Who are candidates to be this year's Allen? It's still too soon to tell, with most roster cuts not expected to leak until tonight and waiver claims not coming until later in the weekend. That said, the preseason did give us an idea on which positions the Texans may comb through the list to try and find help.

Here's a quick examination of areas the Texans may target, starting with the most likely.

4. Offensive tackle One week ago, this position was on the list but near the bottom. Now, it's at the top. Neither of starting right tackle candidates Derek Newton or Rashad Butler was particularly impressive in the preseason. The Texans chose Newton, a second-year player with more run-blocking ability and higher upside, as their starter, with Butler ready to assist as the swing tackle on the bench. Nice plan in theory, but it blew up Thursday night when Butler tore a triceps muscle, ending his season early for a second straight year.

Trindon Holliday, still awaiting word.
Trindon Holliday, still awaiting word.

That leaves Andrew Gardner -- a 2009 sixth-round choice of the Dolphins and former Houston practice squad member with two career games under his belt -- as the top backup behind Duane Brown and the inexperienced Newton. With so much riding on the health of Matt Schaub (who, believe it or not, has had injury troubles before), the Texans would love if a more experienced option comes available to protect him.

3. Nose tackle Shaun Cody says he'll be ready for the regular season, but Wade Phillips could sleep easier with better insurance. Cody, who hasn't played since the preseason opener against Carolina, had an epidural to relieve pain from a lower back strain. Those don't go away easily.

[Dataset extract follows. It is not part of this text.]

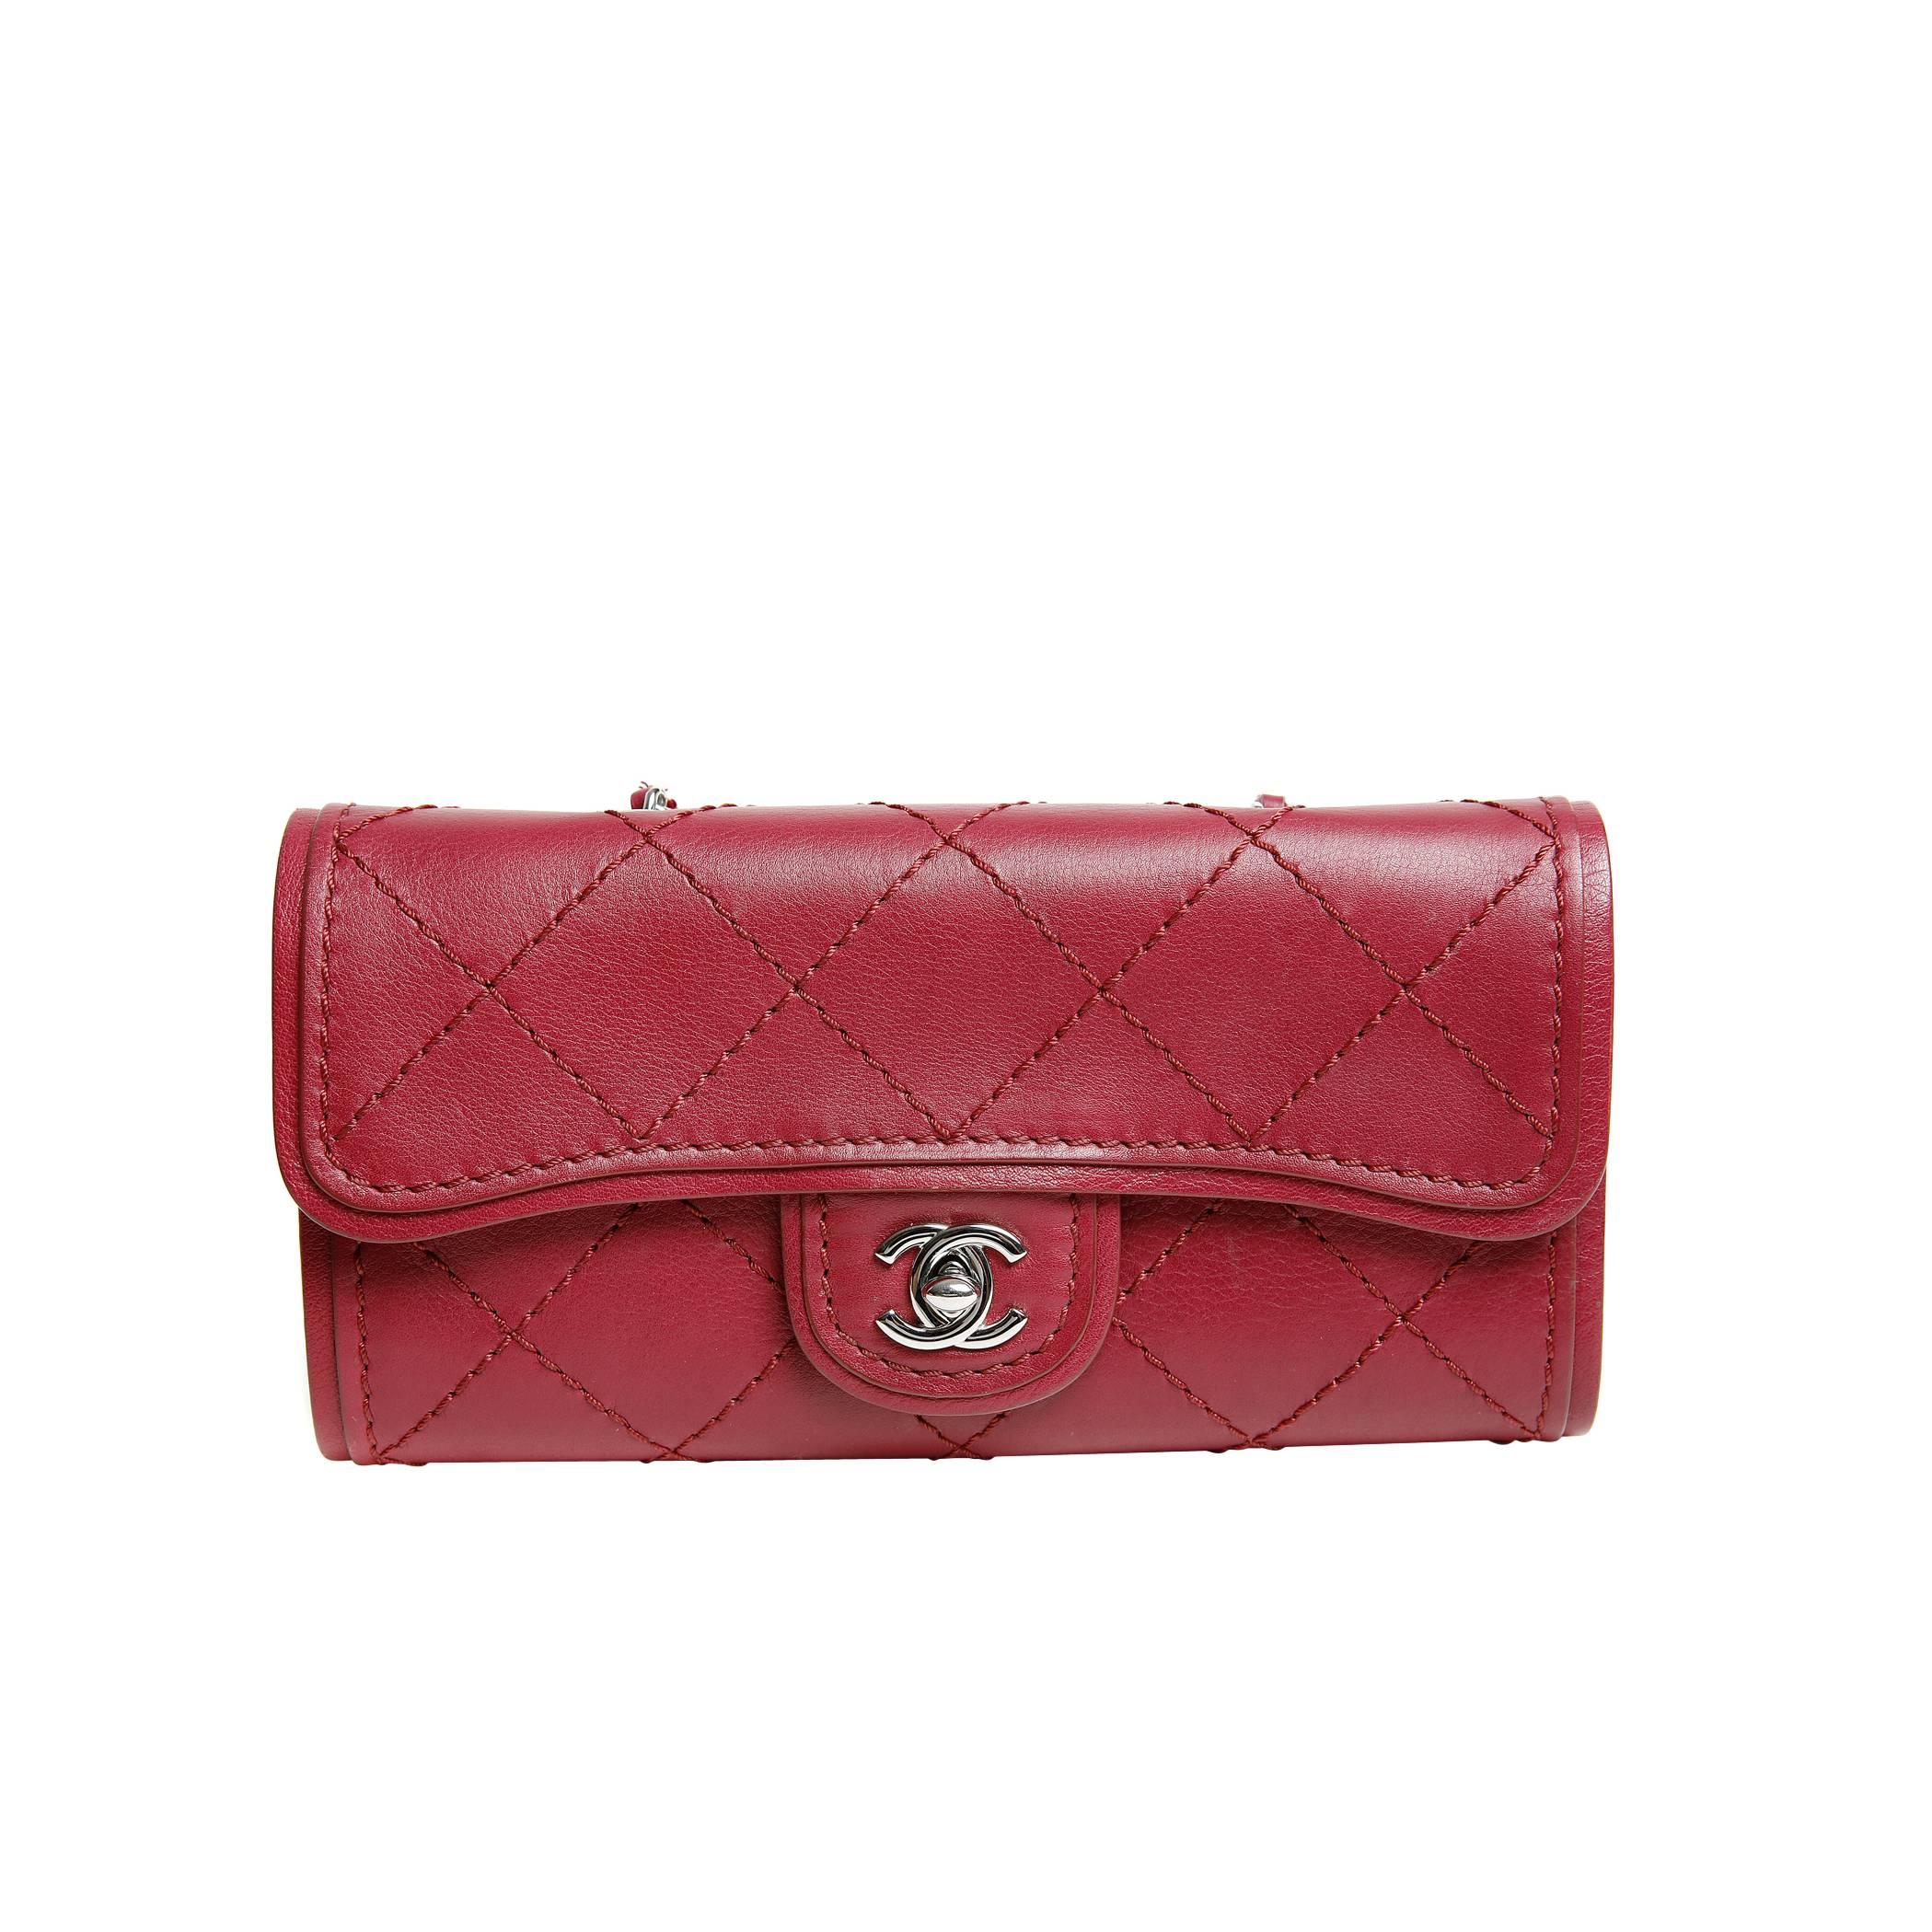 Chanel Red Leather Cross Body Wallet Bag For Sale

In Cody's absence, the Texans had the 31st-ranked rush defense in the preseason and gave up a league-worst 5.8 yards per carry. That somewhat reflects on backup nose tackle Earl Mitchell, who can rush the passer but doesn't have nearly the ability of Cody against the run. In Phillips's 3-4 scheme, the nose tackle must occupy multiple blockers and allow others to make plays. Cody has the combination of bulk and skill to do that. No one else on the roster does. Ra'Shon Harris showed promise the first two games, but like Butler is now out for the year with a torn triceps.

Besides Mitchell, the only other options are a pair of rookies. Fourth-rounder Jared Crick is best suited at end and most likely doesn't have the bulk to hold up inside. Hebron Fangupo had his moments, but was an undrafted rookie free agent. If a rotation player comes available, the Texans should take a long look.

 

2. Wide receiver This is more of a longshot, but Gary Kubiak does appreciate his veterans at receiver (Bryant Johnson, in 2011). Behind Andre Johnson and Kevin Walter, rookie slot man Keshawn Martin and second-year wideout Lestar Jean have sewn up roster spots but have nothing in the way of NFL regular-season experience.

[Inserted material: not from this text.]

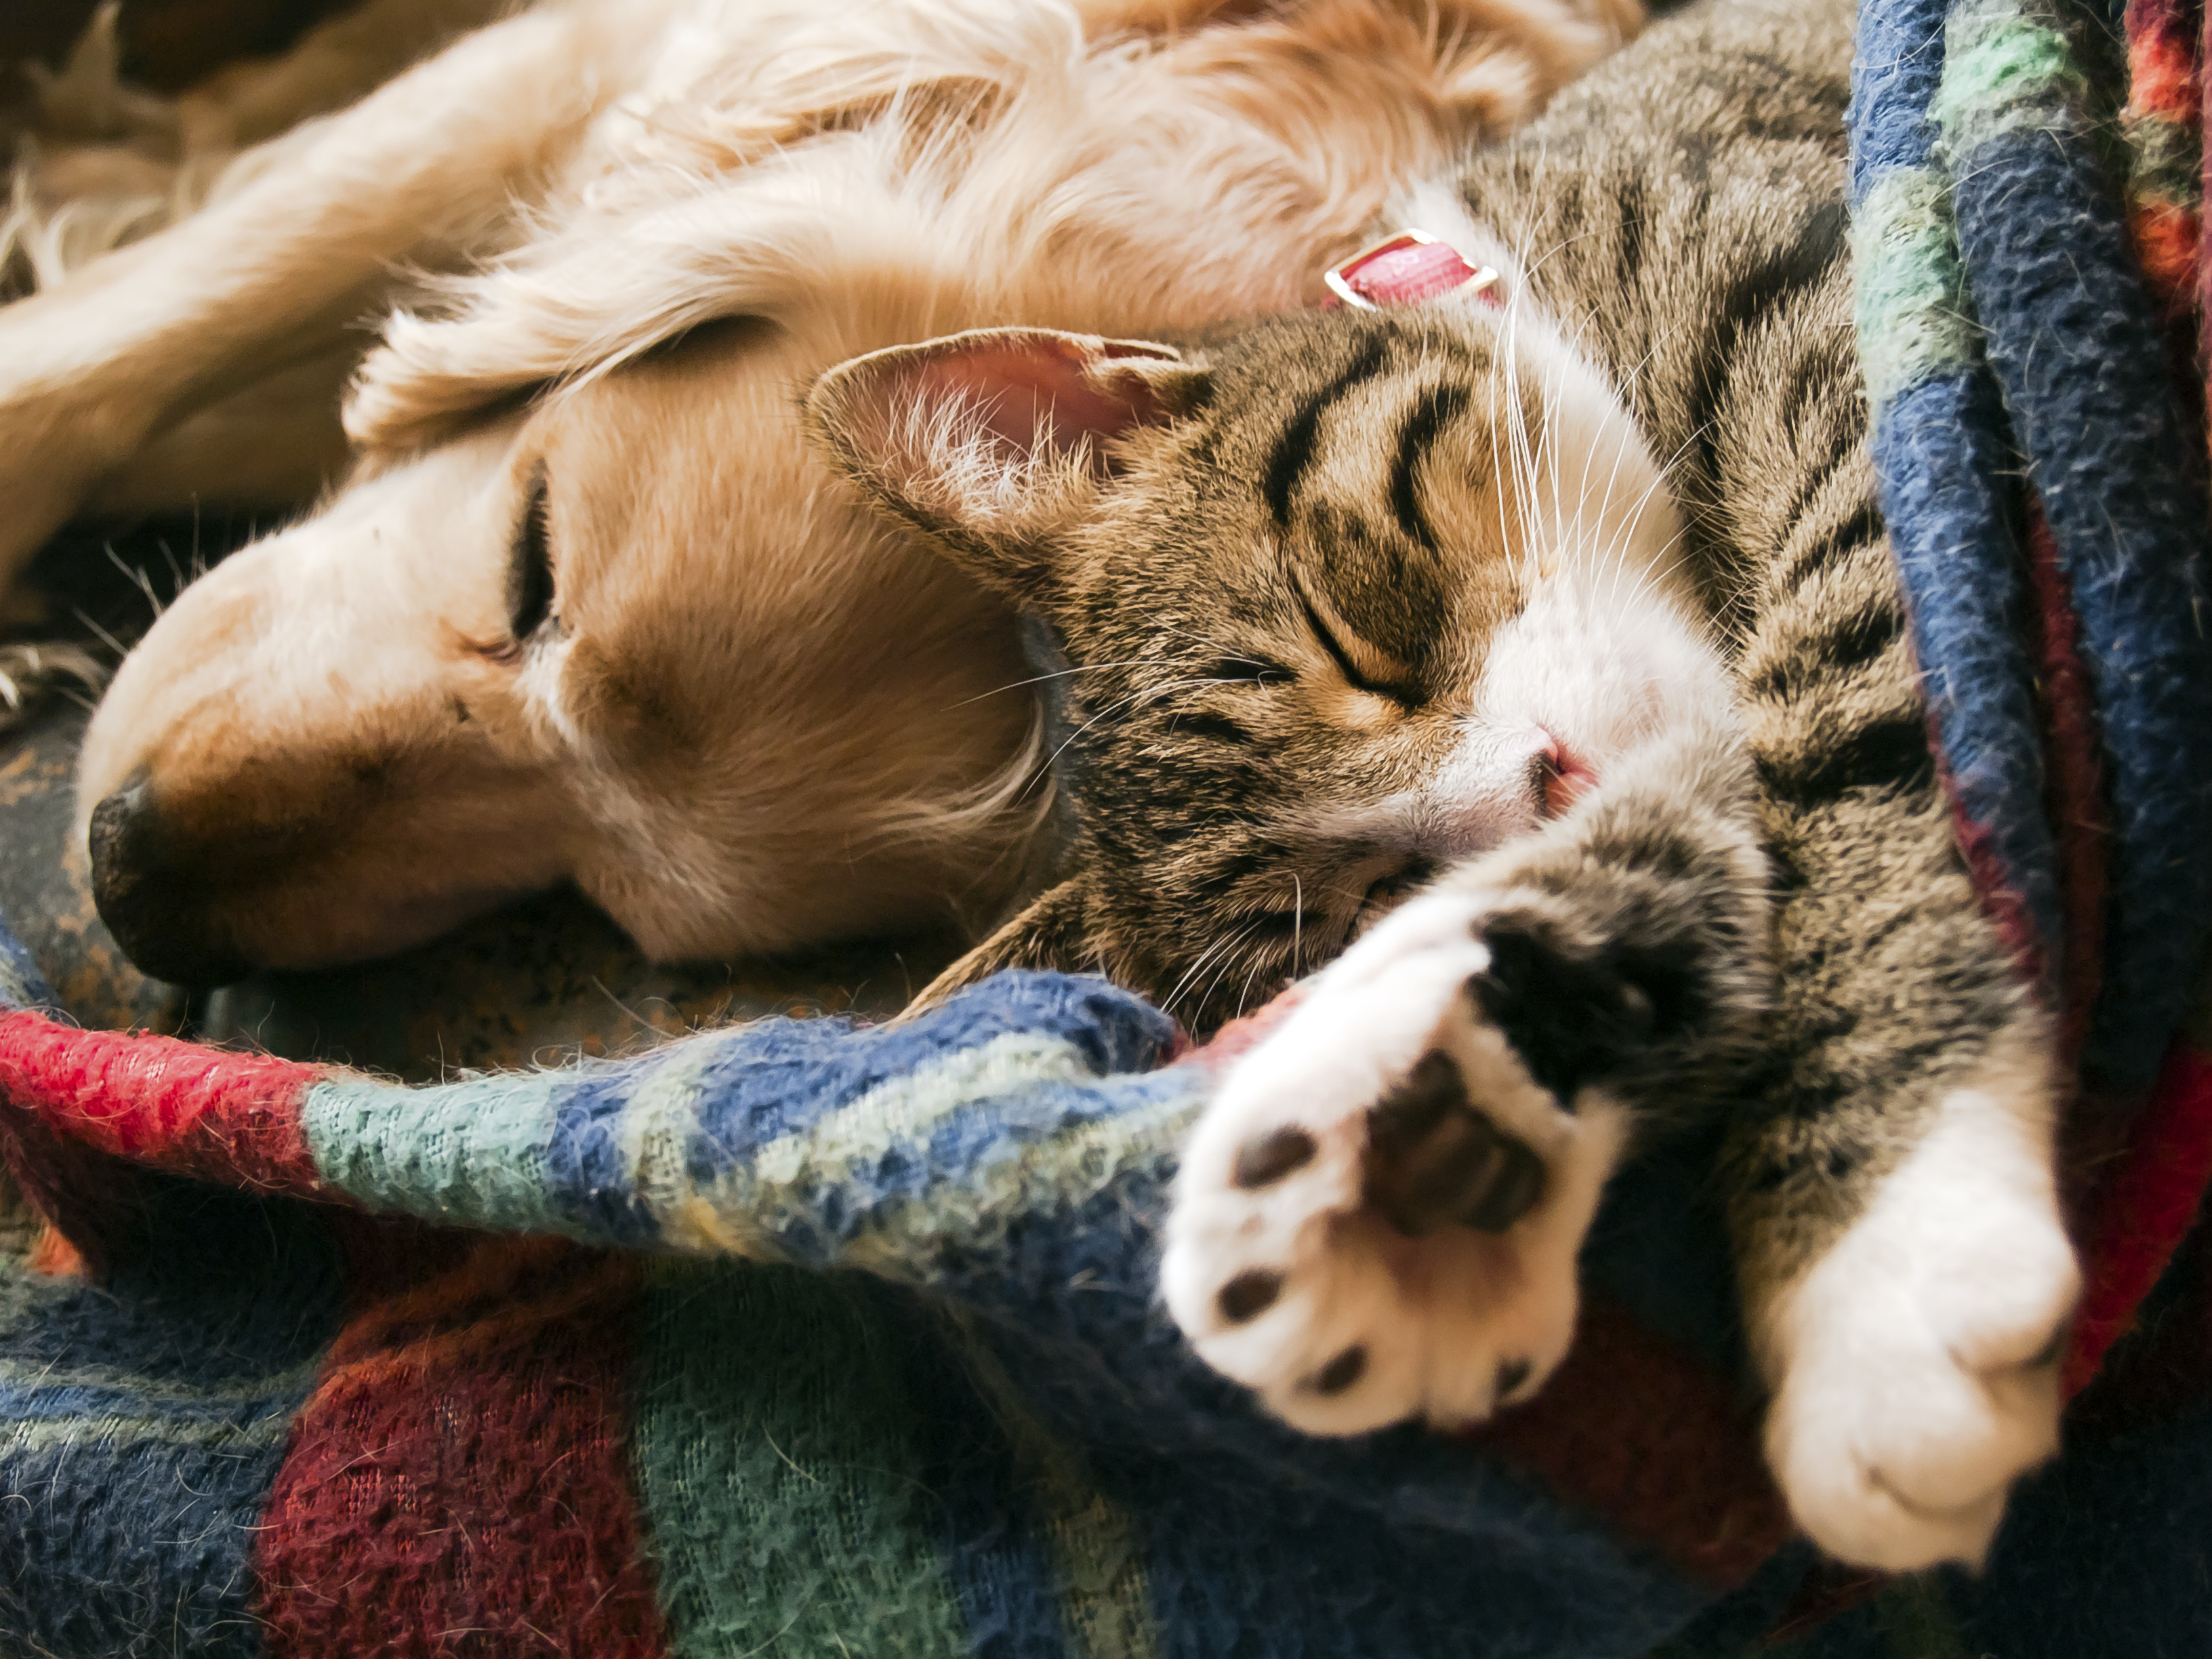 A brown and white cat sleeping closely to a golden retriever in a blue and red blanket.

The smart money still says the Texans give the final two spots to Trindon Holliday, based on return skills, and DeVier Posey, because they invested a third-round pick on him. But that would be six receivers with only two having real game experience. That's not the typical Kubiak MO. If the right veteran receiver comes available, don't be shocked if Posey heads to the IR with a mysterious injury to make room.

1. Middle linebacker The outside group -- led by starters Connor Barwin and Brooks Reed and subbed by young pass-rushing fiends in Whitney Mercilus and Bryan Braman -- looks set. Brian Cushing, of course, has one middle spot on lockdown. The other middle position, however, has room for improvement.

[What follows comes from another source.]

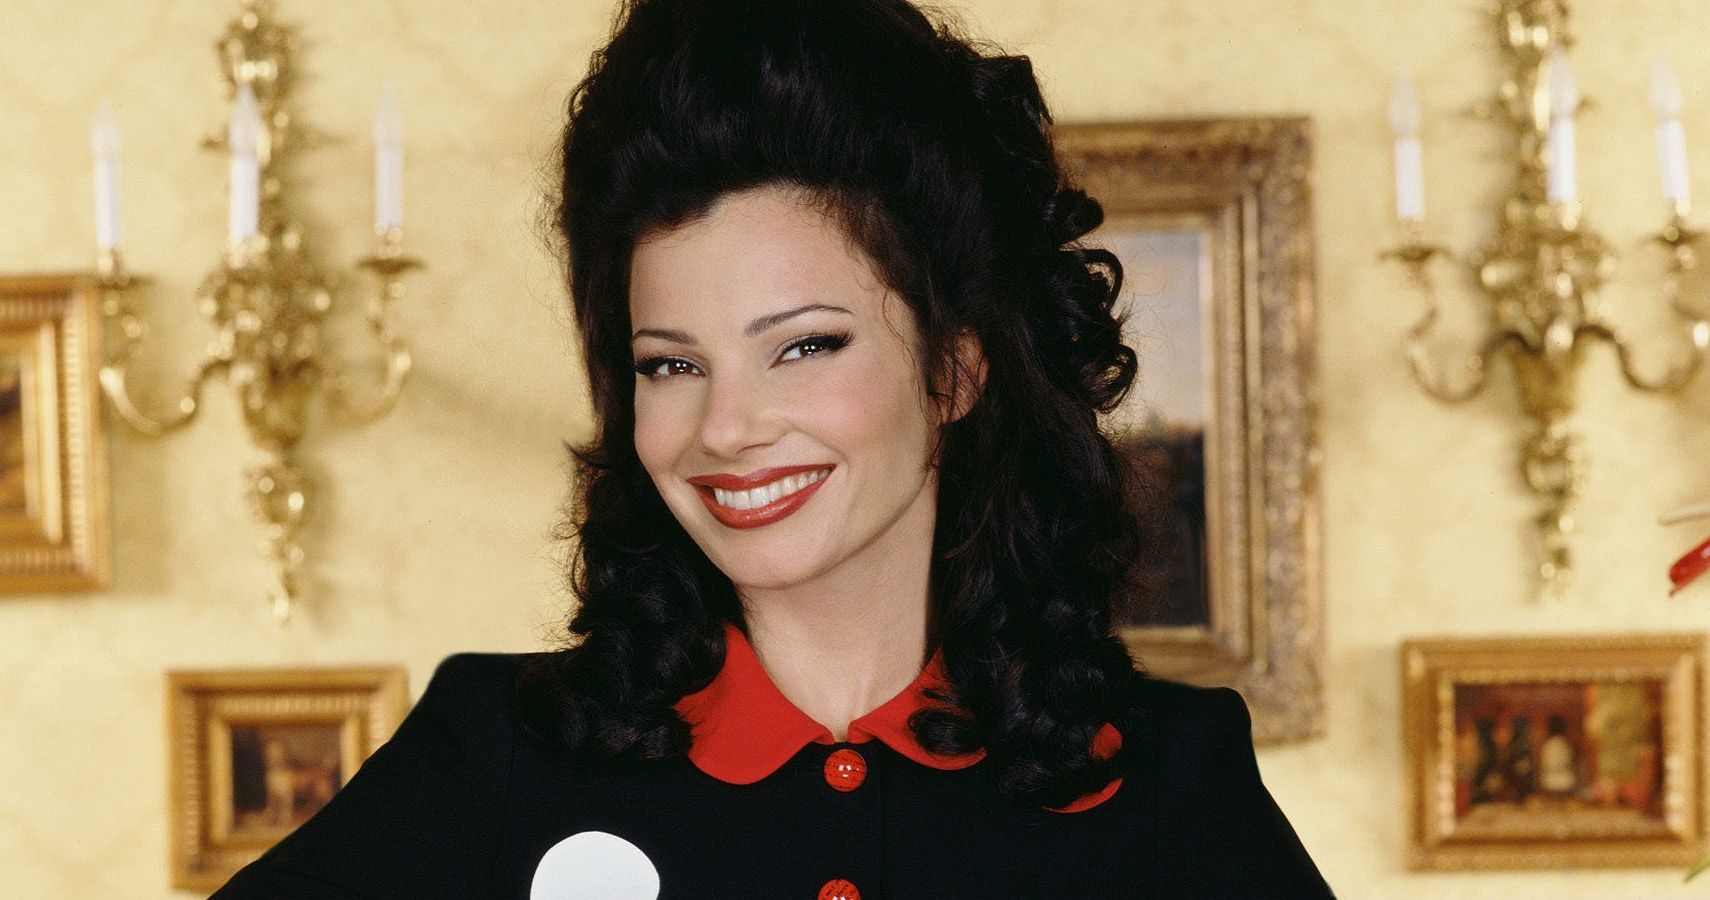 The Nanny Frans 5 Best Outfits (& 5 Worst)

We've written at length about the preseason struggles of aging ex-Cowboy Bradie James. Should James falter in the regular season, the alternatives are Tim Dobbins and Mister Alexander. Dobbins is ideal in his role as a run stuffer, but doesn't have the fluid movement to cover tight ends on passing plays.

That leaves Alexander as the lone James alternative on passing downs, and he's something of an unknown. He played extensively on special teams a year ago, but has little in the way of an in-game track record at linebacker. Depending on how the Texans viewed his training camp and practice performances, they could be tempted to look elsewhere.